That’s her working above, and her links below:
Twitter: dmaeroberts
Blog:
Sites:
Read on, pardners!
Q: What’s a nice multiracial girl like you doing living in Oregon?
A: Both my parents were survivors. My mom grew up in the ravaged countryside of Taiwan during World War II, and my dad was a child of Depression-era parents in dust bowl Oklahoma.
They experienced poverty on two different sides of the world. My dad lived the idyllic, though austere, farm life on 40 acres with parents who adored him. My mother suffered being sold to work as a bonded servant. It was a form of adoption in Asia in which the girl becomes a servant in the family and then marries the son so she never leaves the family. It was an abusive life for her and really shaped her insecurities and fear of abandonment, later on making her a difficult personality for our family.

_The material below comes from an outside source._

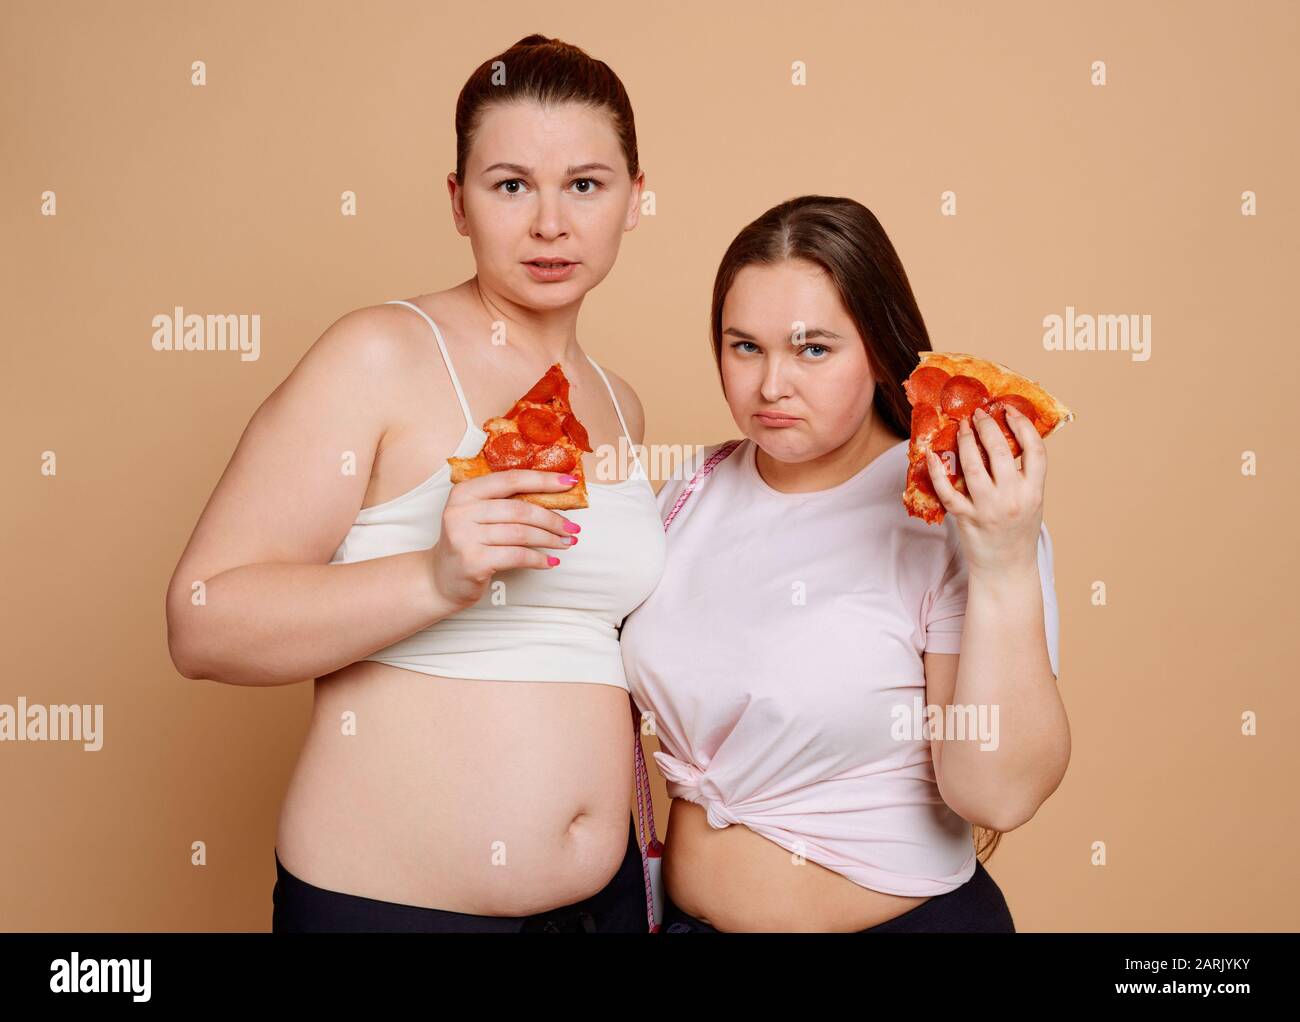 Frauen, die Pizzascheiben halten und versuchen, mit dem Überessen aufzuhören Stockfoto

My parents met when my dad was stationed in Taiwan a few years after the Korean War. He wanted to see the world and was trained to speak Russian, but switched his orders to Taiwan. I often wonder what made him want to do that and what would’ve happened if my parents had never met. I was born in Taipei Taiwan, and we lived in Japan until I was eight--when my dad quit the military. When we arrived in America, we moved around as my dad looked for work—to Reno Nevada, Boise Idaho, and Eugene Oregon.
We finally settled in Junction City, a rural town outside of Eugene, where my mom found work at a nearby plywood mill. The town was comprised of descendants of Scandinavian settlers who held a Scandinavian festival every summer that drew people from all over the state.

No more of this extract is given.